Apple went public in December 1980. They successfully raised $100 million at $22 per share. They’ve split those shares 2:1 three times since then, and 7:1 once, and 4:1 once, plus they’ve bought back a lot of shares, but roughly that $22 share today is worth at least $40,000.
If you read this blog, you know that rise in value isn’t what mosts interests me, but rather the fact that Morgan Stanley’s 1981 analyst report said that Apple was an over-the-counter stock rather than saying it was listed on the NASDAQ stock exchange. The NASDAQ was ten years old in 1981.
If you read the most recent post, you learned that Berkshire Hathaway didn’t list on the New York Stock Exchange until 1988. I’ve seen sources that say it too was listed on the NASDAQ years before then, but that doesn’t seem to merit mention even in 1988.
The NASDAQ today (2023) is the second largest stock market in the world, alone larger than most stock markets in most countries. So when exactly did it rise from being considered a fancy electronic way to trade over-the-counter to being a “real” stock market?

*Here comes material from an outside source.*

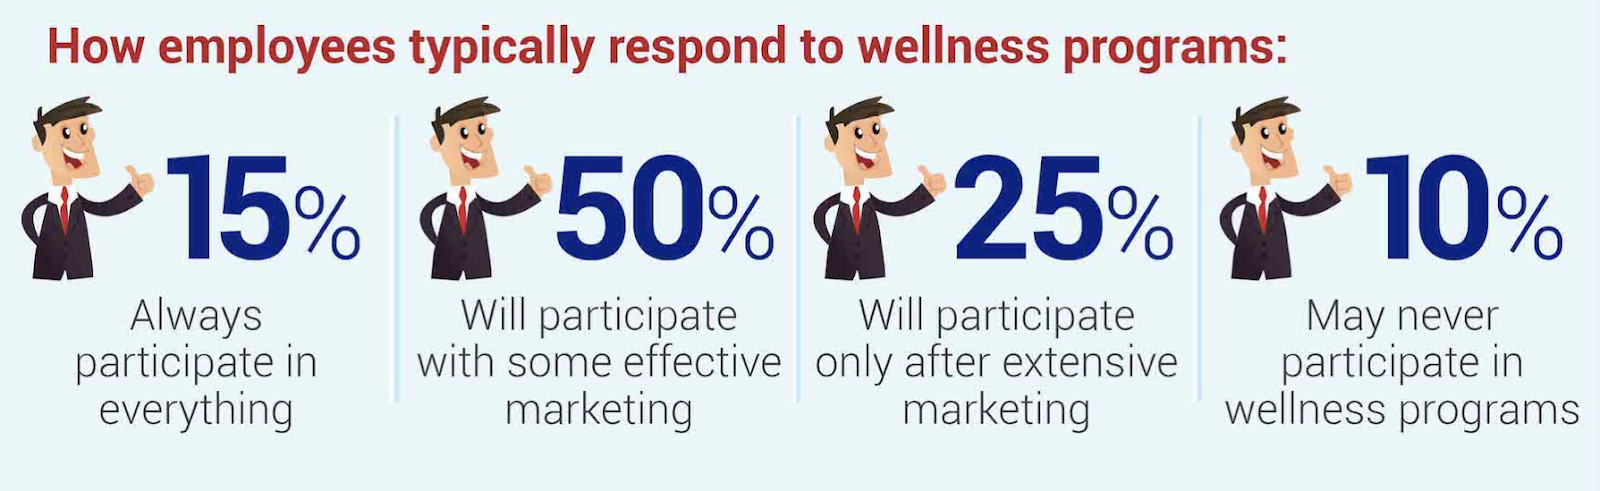 how employees typically respond to wellness programs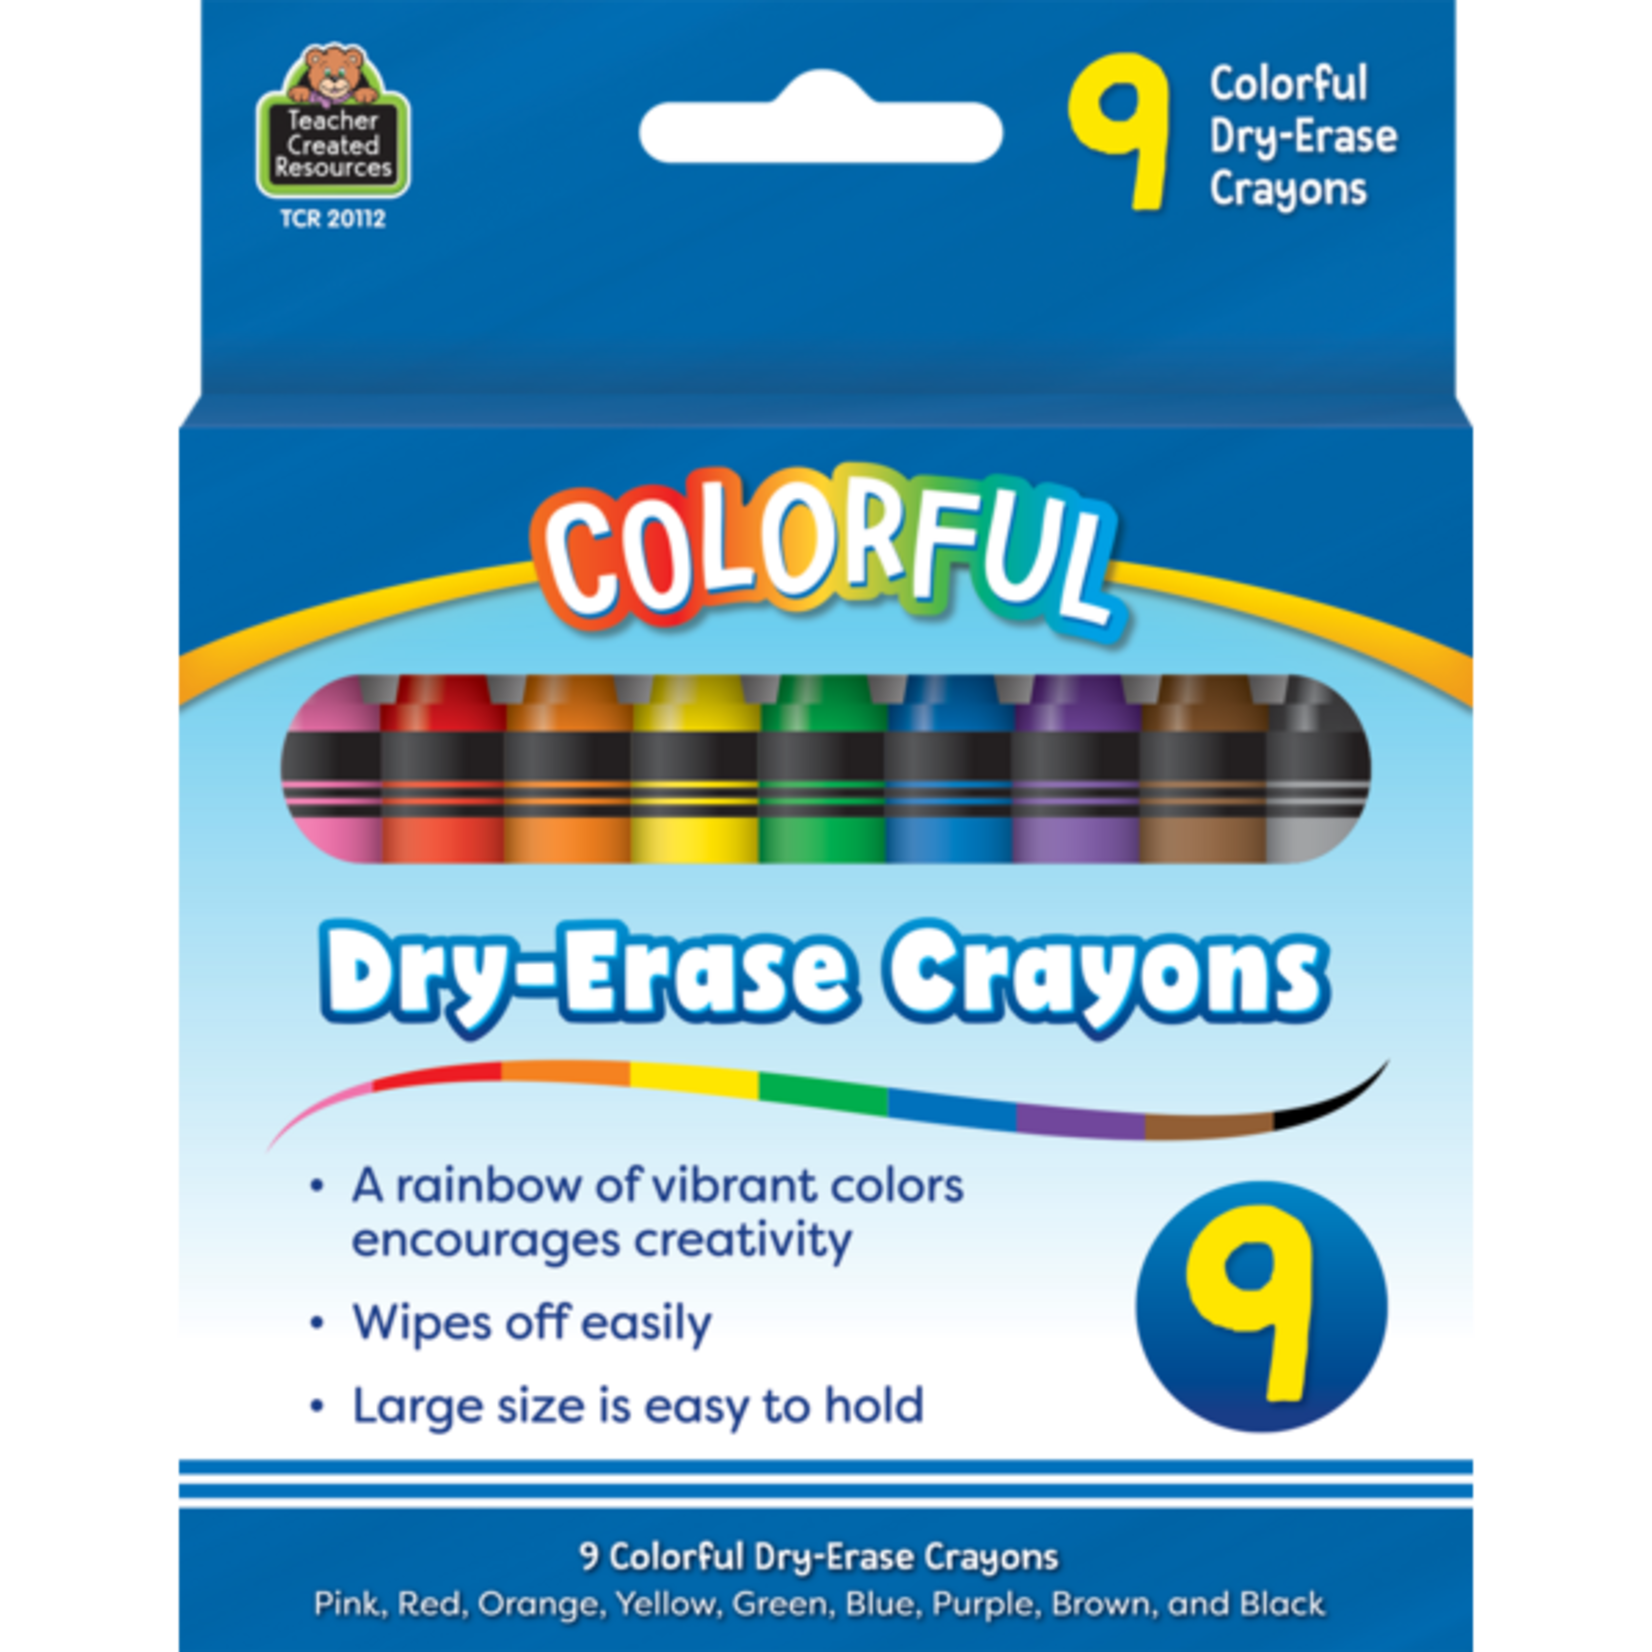 TEACHER CREATED RESOURCES Colorful Dry-Erase Crayons

Best I can find, June 1982.
Above is the oldest article I can find in the New Your Times TimesMachine that talks about the “move away from the O-T-C to a separate universe”, with Apple Computer as the first example company mentioned.
So again, just as we all tend to think that venture capital has been around forever, it feels like the NASDAQ has been around just as long, when in fact the NASDAQ as only been truly important for forty years (which for me was 8th grade).